Frankly, I could not fill a single page, because I can barely remember anything.
Alternatively, a memoir written after one has gone through a stage in one’s life get’s it all down while it is still fresh in the mind.
Maybe they’re just Volume I.
But I’m guessing that it’s because the publishers (marketers) see that there’s a market and they want to catch it while it’s hot.
Well, it’s good to write things down periodically over your lifetime. So many things I would have forgotten had I not written them down. When I die, if anyone cares too, they’ll have to piece my memoirs together from about 50 different sources and 1000 different formats! But it’s all there, if they look hard enough.
Now, if a person has had a very interesting life by the age of 45, and people might be interested in reading about it, then write away.
Perhaps at least some of them believe that irrespective of age their experiences are worth sharing.
Anna Kendrick (actor) just wrote one as well. When I heard this, I thought, “Isn’t she like 12?”
I saw an interview with Anna Kendrick (she’s 31) about her book and thought it was embarrassing.
No offense, Anna, we should still hang out. Call me!
I don’t think they really think about it…
@Jeruba nailed it. It’s about marketing, plain and simple. The idea is pimped to the “star” by his or her publicist, and the project is turned over to some hack “collaborator(s)” to do the actual “writing”. The resulting drivel usually amounts to little more than extended examples of the tiresome nonsense between the covers of those mags and rags littering supermarket checkstands.
Memoirs do not have to be about a whole life. Many of them are written about smaller periods of time within someone’s life. Maybe they had a particularly interesting adolescence. Maybe they had a unique perspective on an interesting moment in history. Memoirs aren’t always written by celebrities, either. Mary Karr, for instance, is a professional writer who has written three popular memoirs about different phases of her life.
I’ve got about 10 of Cecil Beaton’s memoirs/diaries. Each one reflects a different, interesting, time in his life. I enjoy them more than I do some – this is my entire life – books.
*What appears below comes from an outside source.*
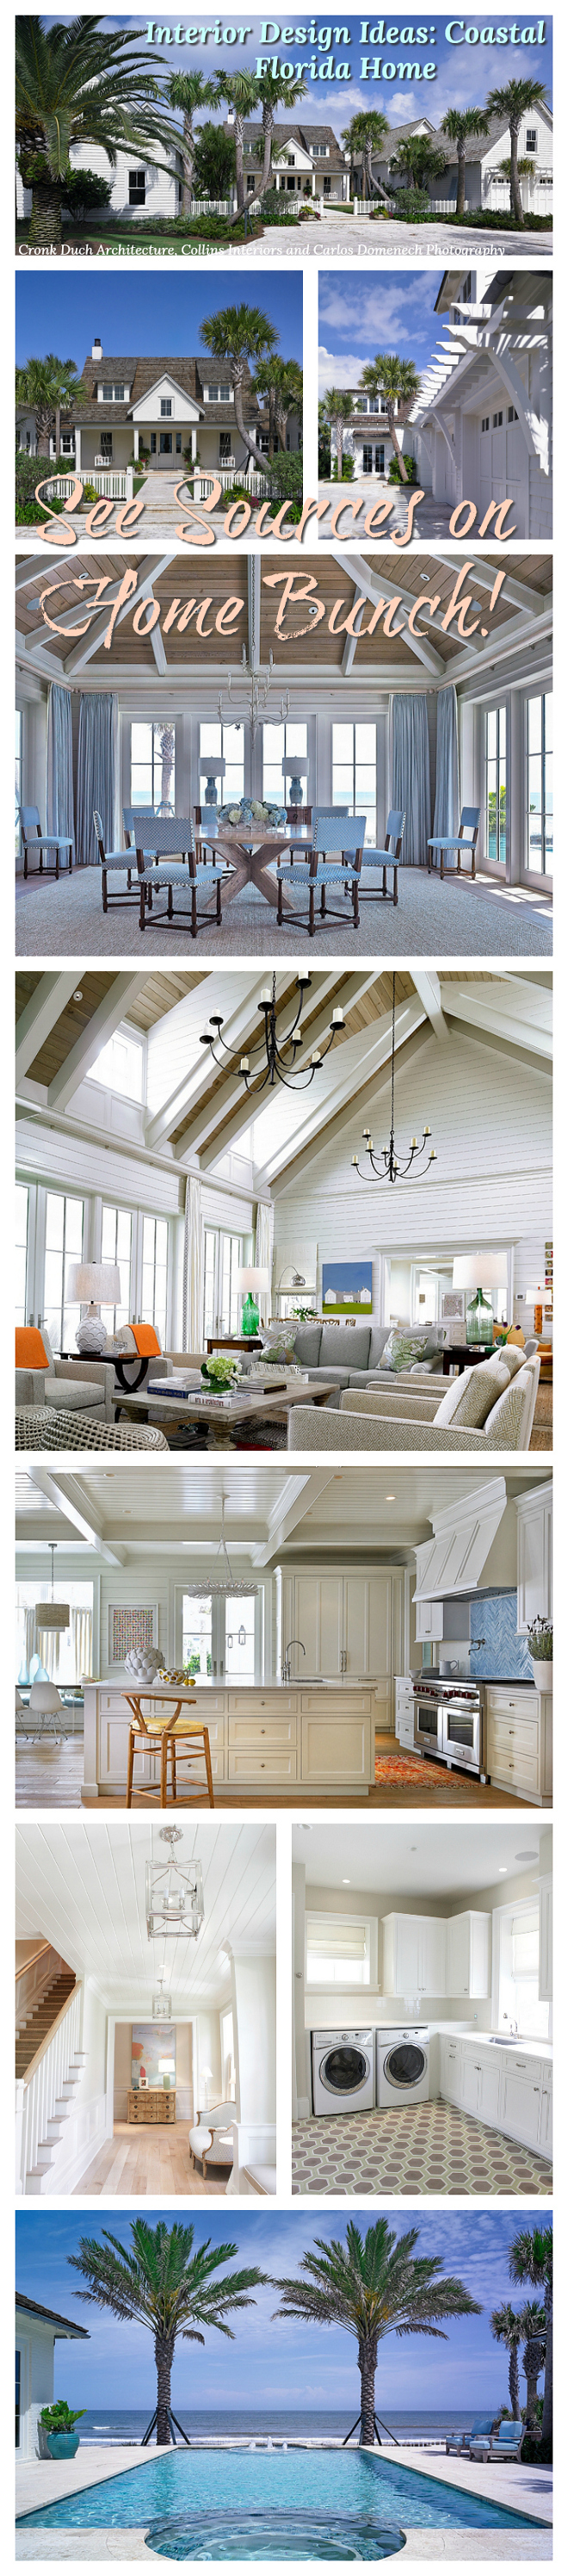 Interior Design Ideas Coastal Florida Home interior decor sources paint colors on Home Bunch

The detail makes them interesting. I don’t really want the looking-back-life lessons – I want the details.
I am reading a terrific memoir by J.D. Vance called “Hillbilly Elegy”. He’s only in his early 30s and even he says at the beginning of the book that he has no business writing a memoir. But he had something to say, and it’s a wonderful book.
If a young person writing a memoir offends you, then don’t buy it.
Because you never can count that you can remember to tie your shoes after a certain age, much less remember little details.